Un mélange de fumée et de chaleur submergea Maline. Bien entendu, le bar était bondé ! Le décor devait y être pour beaucoup. Le propriétaire avait su reconstituer avec talent l’ambiance exotique d’un bar pirate. Rien ne manquait : hamacs et filets suspendus, faux perroquets accrochés aux branches de palmiers en plastique, grandes tables en roue et billots de bois pour s’asseoir… Tonneaux pour ceux qui voulaient rester debout, sabres aux murs, têtes de morts sur les étagères, galeries de méchants dans des cadres, de Marlon Brando en Fletcher Christian à Johnny Depp en Jack Sparrow… et vraisemblablement une carte déclinant toutes sortes de rhums !

Une musique cubaine discrète égayait le tout. L’ensemble était assez réussi, un peu kitch. Le patron avait dû investir beaucoup d’argent, mais il devait faire le plein, au moins, pendant ces dix jours !

Elle jeta un coup d’œil aux occupants des lieux. Cela la rassura : elle était presque la plus habillée de toutes les filles !

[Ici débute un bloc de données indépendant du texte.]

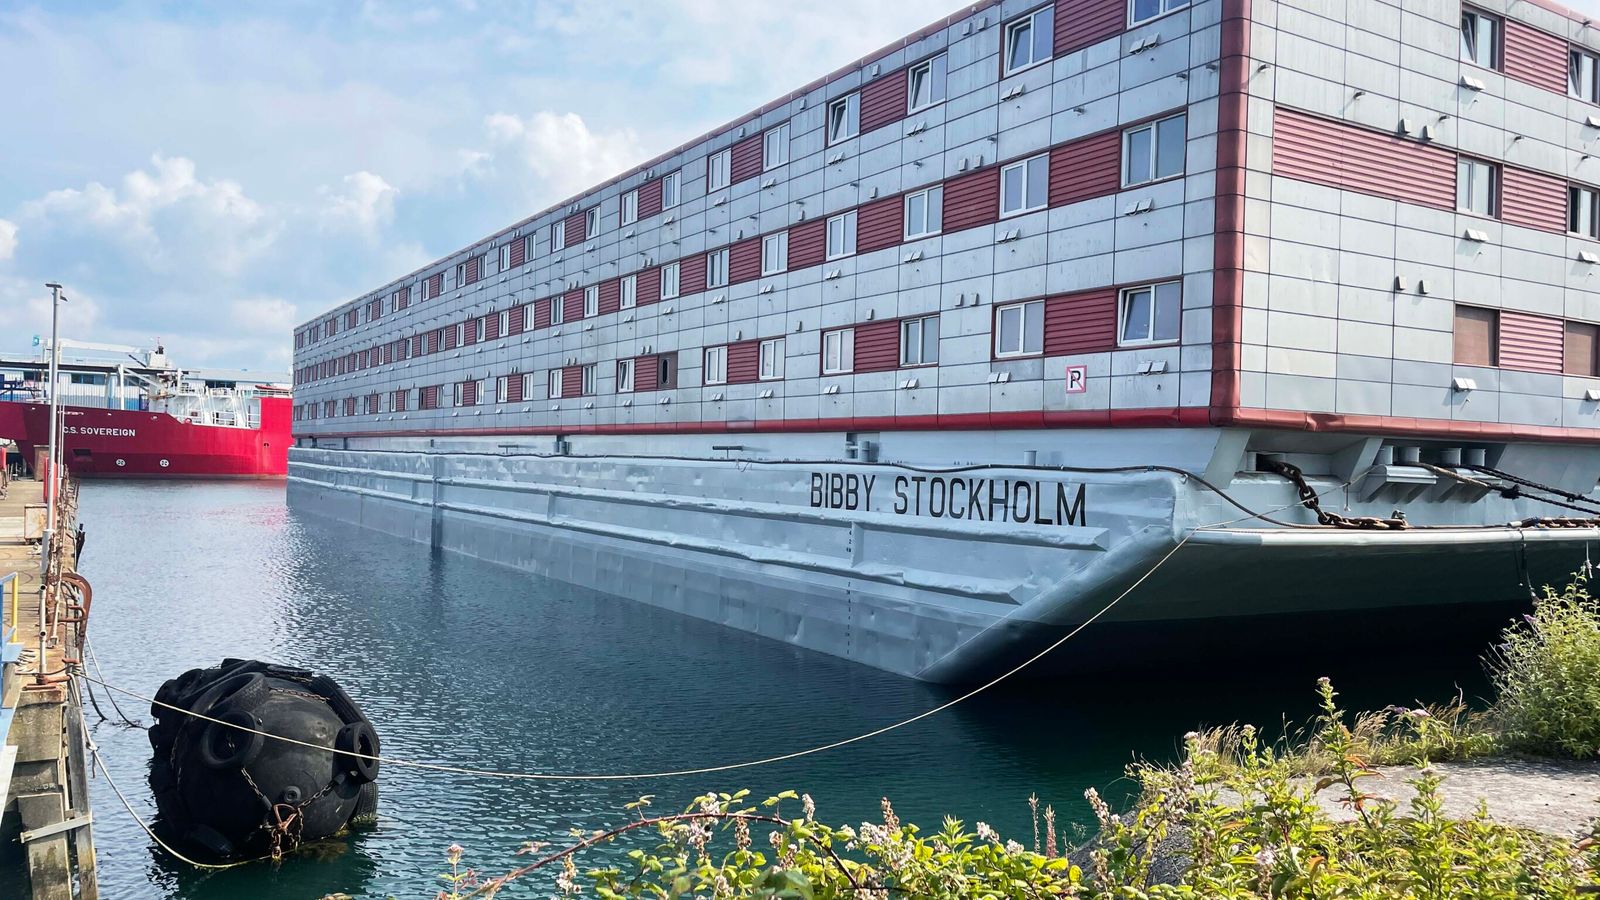 Bibby Stockholm: Asylum seekers may be housed on barge from today - as government unveils new migration policy
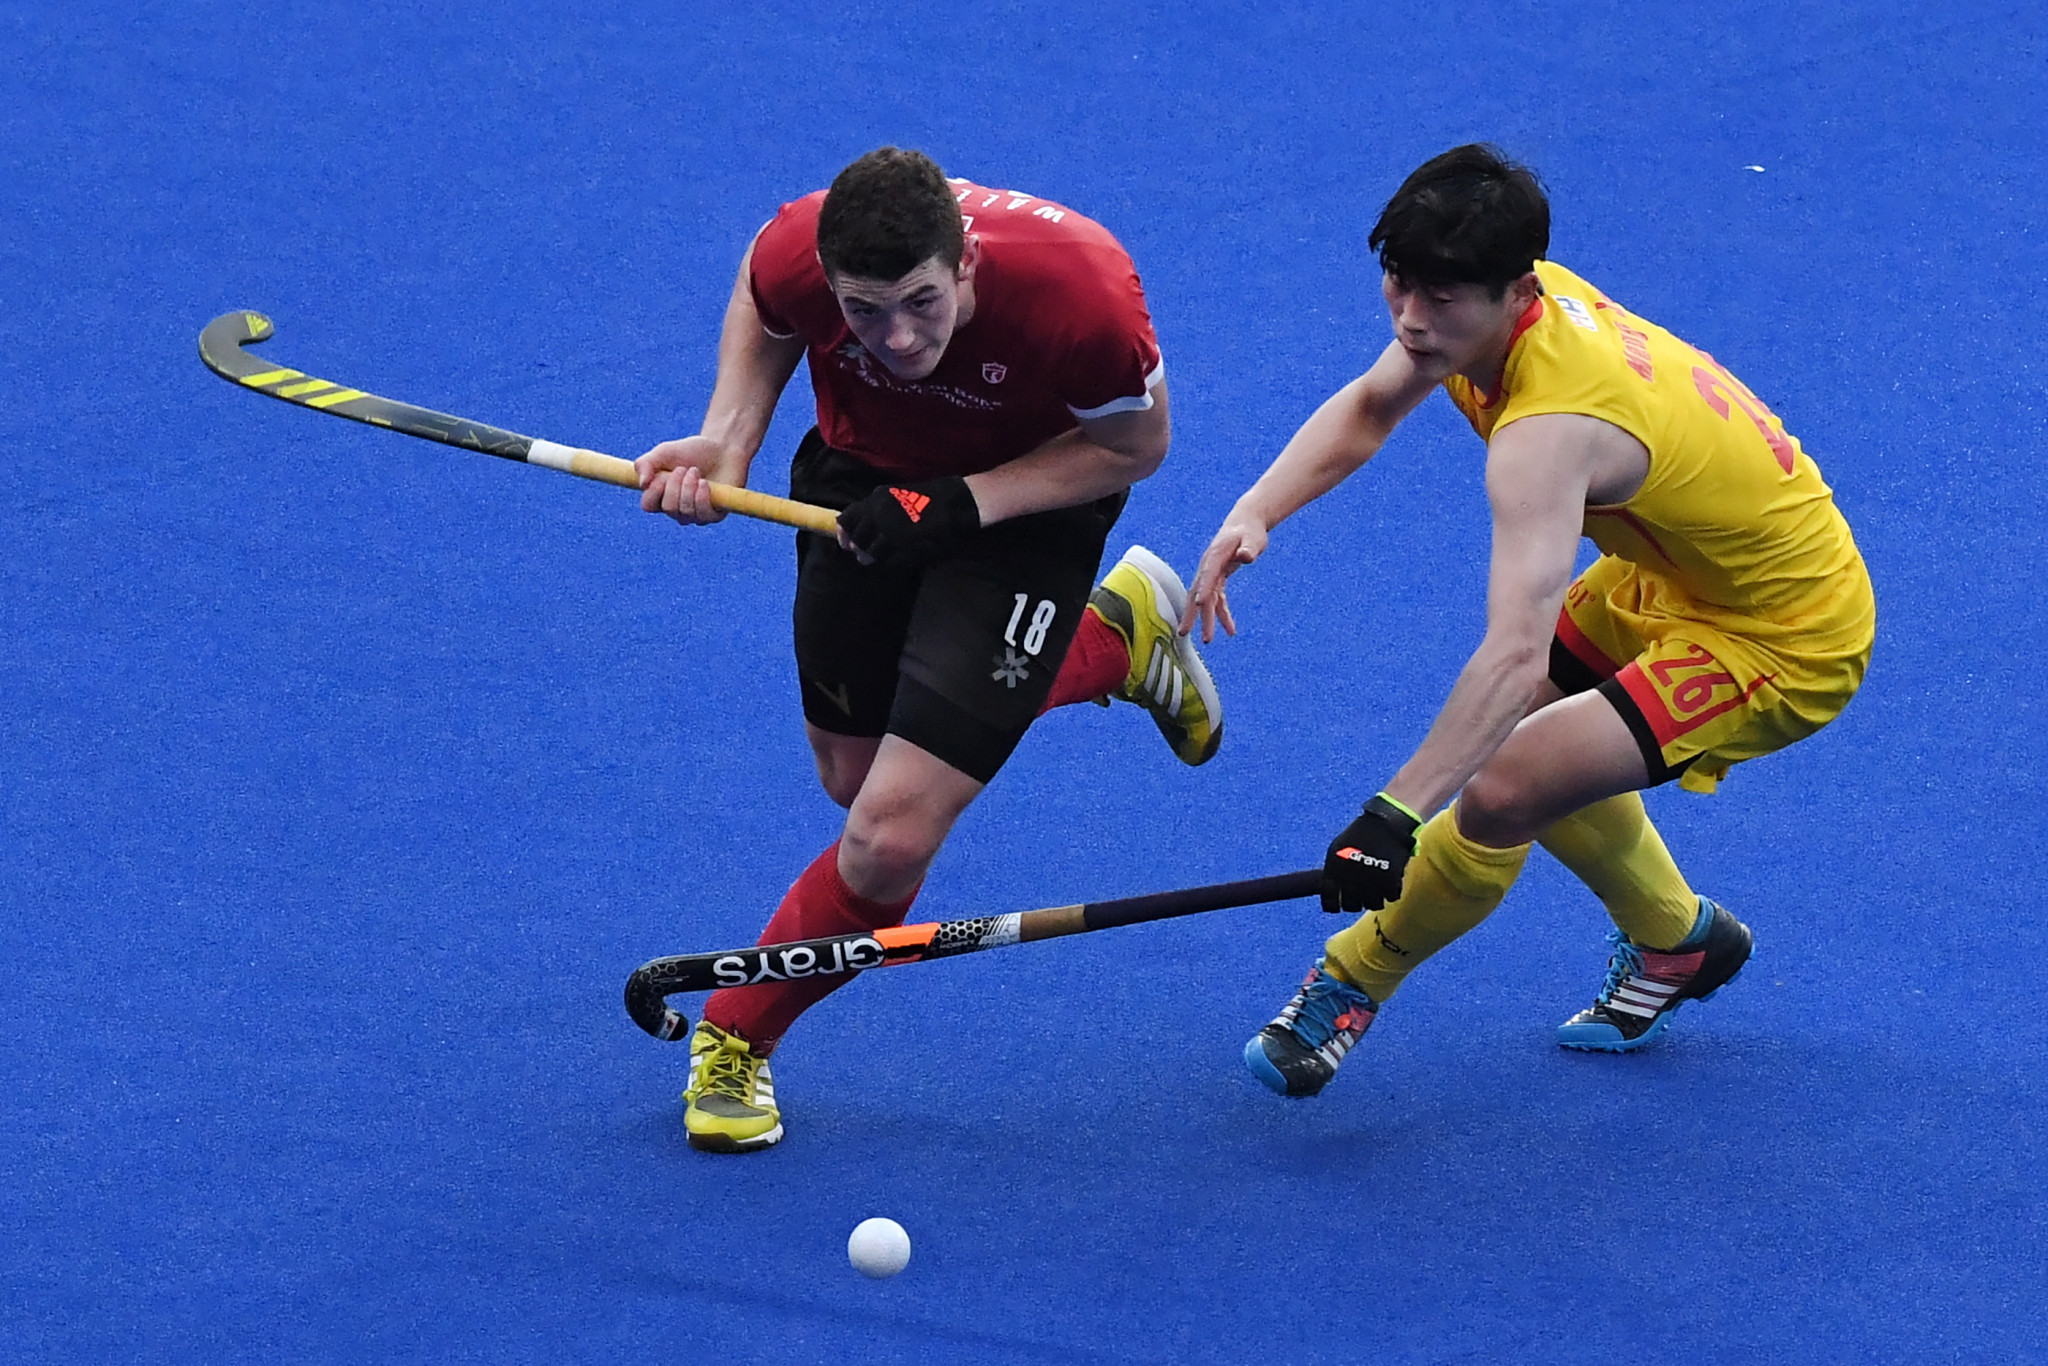 Canada progressed to the semi-final of the FIH Series Finals after defeating China in a shootout ©Getty Images

Elle s’avança jusqu’au bar pour demander où elle pouvait trouver le fameux Ramphastos. Un type entre deux âges, fatigué et moyennement aimable, sans doute le patron, lui indiqua une table dans un coin, près d’une fenêtre maquillée en hublot.

Maline s’approcha. Ramphastos buvait seul à sa table, accoudé, le dos courbé. Sa lourde barbe grise semblait avoir tiré vers le bas de son visage toutes ses rides, y compris ses paupières tombantes et ses joues flasques. Seule une casquette de feutre bleue, enfoncée sur son crâne, résistait à la loi de la gravitation faciale. Une caricature de vieux loup de mer ! Il ne lui manquait que la pipe… Et le verre de rhum. Maline remarqua que, curieusement, il était attablé devant une bière.

Maline s’installa sur le billot de bois juste en face de Ramphastos, sans lui demander son avis. Le loup de mer ne protesta pas, posant même un regard intéressé sur la visiteuse.

— Monsieur Ramphastos ?

L’homme ne contrôla pas un rire gras et Maline se fit la réflexion qu’elle devrait éviter de faire de l’humour au moment où Ramphastos boirait sa bière.

Le vieux marin essuya sa barbe d’un revers de manche :

— Faut choisir, ma poupée. Tu peux m’appeler Pierre Poulizac. C’est mon patronyme officiel, mais plus personne ne m’appelle comme cela depuis un bail. Tout le monde m’appelle Ramphastos, ou même Rami, maintenant. On devient fainéant avec l’âge ! Toi ma jolie, t’as une tronche de journaliste qui veut me tirer les vers du nez. J’ai rien contre, remarque, et j’aurais pu tomber sur une plus moche. Mais ça ne t’empêchera pas de me commander une autre bière !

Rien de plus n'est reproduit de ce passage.